◆ **TASK REQUIREMENTS**
A verbatim transcription of every record below is required.

== == ==

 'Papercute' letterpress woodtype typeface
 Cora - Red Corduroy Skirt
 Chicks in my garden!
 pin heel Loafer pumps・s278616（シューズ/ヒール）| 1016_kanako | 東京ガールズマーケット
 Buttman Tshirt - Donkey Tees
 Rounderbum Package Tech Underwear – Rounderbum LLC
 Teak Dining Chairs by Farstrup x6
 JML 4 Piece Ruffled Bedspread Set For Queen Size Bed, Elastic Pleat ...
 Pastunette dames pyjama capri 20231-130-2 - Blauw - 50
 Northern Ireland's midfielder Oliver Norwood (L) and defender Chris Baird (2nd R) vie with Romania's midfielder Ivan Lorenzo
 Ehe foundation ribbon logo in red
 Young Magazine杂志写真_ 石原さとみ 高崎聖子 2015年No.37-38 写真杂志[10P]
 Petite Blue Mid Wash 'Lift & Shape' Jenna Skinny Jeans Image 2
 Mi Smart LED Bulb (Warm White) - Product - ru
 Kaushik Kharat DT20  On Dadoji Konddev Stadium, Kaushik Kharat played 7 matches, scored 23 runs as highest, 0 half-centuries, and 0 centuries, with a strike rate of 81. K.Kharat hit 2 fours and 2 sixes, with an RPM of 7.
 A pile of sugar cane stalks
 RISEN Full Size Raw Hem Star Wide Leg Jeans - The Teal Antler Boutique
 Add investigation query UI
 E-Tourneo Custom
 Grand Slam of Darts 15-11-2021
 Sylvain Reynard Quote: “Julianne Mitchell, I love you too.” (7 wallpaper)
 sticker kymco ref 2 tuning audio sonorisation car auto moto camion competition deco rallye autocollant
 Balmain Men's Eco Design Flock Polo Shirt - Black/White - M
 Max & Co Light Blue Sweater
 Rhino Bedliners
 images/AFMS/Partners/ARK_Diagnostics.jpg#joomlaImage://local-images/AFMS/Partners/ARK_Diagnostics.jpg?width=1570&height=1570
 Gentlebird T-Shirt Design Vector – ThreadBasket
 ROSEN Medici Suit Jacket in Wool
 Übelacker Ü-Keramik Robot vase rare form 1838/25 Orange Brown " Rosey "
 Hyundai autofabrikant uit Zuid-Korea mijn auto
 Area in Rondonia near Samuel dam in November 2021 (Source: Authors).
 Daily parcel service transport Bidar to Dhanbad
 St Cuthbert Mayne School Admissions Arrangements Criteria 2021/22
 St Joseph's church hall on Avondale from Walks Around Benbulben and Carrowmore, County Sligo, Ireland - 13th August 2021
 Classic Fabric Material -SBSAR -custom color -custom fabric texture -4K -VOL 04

== == ==

◆ **RESPONSE**
 'Papercute' letterpress woodtype typeface
 Cora - Red Corduroy Skirt
 Chicks in my garden!
 pin heel Loafer pumps・s278616（シューズ/ヒール）| 1016_kanako | 東京ガールズマーケット
 Buttman Tshirt - Donkey Tees
 Rounderbum Package Tech Underwear – Rounderbum LLC
 Teak Dining Chairs by Farstrup x6
 JML 4 Piece Ruffled Bedspread Set For Queen Size Bed, Elastic Pleat ...
 Pastunette dames pyjama capri 20231-130-2 - Blauw - 50
 Northern Ireland's midfielder Oliver Norwood (L) and defender Chris Baird (2nd R) vie with Romania's midfielder Ivan Lorenzo
 Ehe foundation ribbon logo in red
 Young Magazine杂志写真_ 石原さとみ 高崎聖子 2015年No.37-38 写真杂志[10P]
 Petite Blue Mid Wash 'Lift & Shape' Jenna Skinny Jeans Image 2
 Mi Smart LED Bulb (Warm White) - Product - ru
 Kaushik Kharat DT20  On Dadoji Konddev Stadium, Kaushik Kharat played 7 matches, scored 23 runs as highest, 0 half-centuries, and 0 centuries, with a strike rate of 81. K.Kharat hit 2 fours and 2 sixes, with an RPM of 7.
 A pile of sugar cane stalks
 RISEN Full Size Raw Hem Star Wide Leg Jeans - The Teal Antler Boutique
 Add investigation query UI
 E-Tourneo Custom
 Grand Slam of Darts 15-11-2021
 Sylvain Reynard Quote: “Julianne Mitchell, I love you too.” (7 wallpaper)
 sticker kymco ref 2 tuning audio sonorisation car auto moto camion competition deco rallye autocollant
 Balmain Men's Eco Design Flock Polo Shirt - Black/White - M
 Max & Co Light Blue Sweater
 Rhino Bedliners
 images/AFMS/Partners/ARK_Diagnostics.jpg#joomlaImage://local-images/AFMS/Partners/ARK_Diagnostics.jpg?width=1570&height=1570
 Gentlebird T-Shirt Design Vector – ThreadBasket
 ROSEN Medici Suit Jacket in Wool
 Übelacker Ü-Keramik Robot vase rare form 1838/25 Orange Brown " Rosey "
 Hyundai autofabrikant uit Zuid-Korea mijn auto
 Area in Rondonia near Samuel dam in November 2021 (Source: Authors).
 Daily parcel service transport Bidar to Dhanbad
 St Cuthbert Mayne School Admissions Arrangements Criteria 2021/22
 St Joseph's church hall on Avondale from Walks Around Benbulben and Carrowmore, County Sligo, Ireland - 13th August 2021
 Classic Fabric Material -SBSAR -custom color -custom fabric texture -4K -VOL 04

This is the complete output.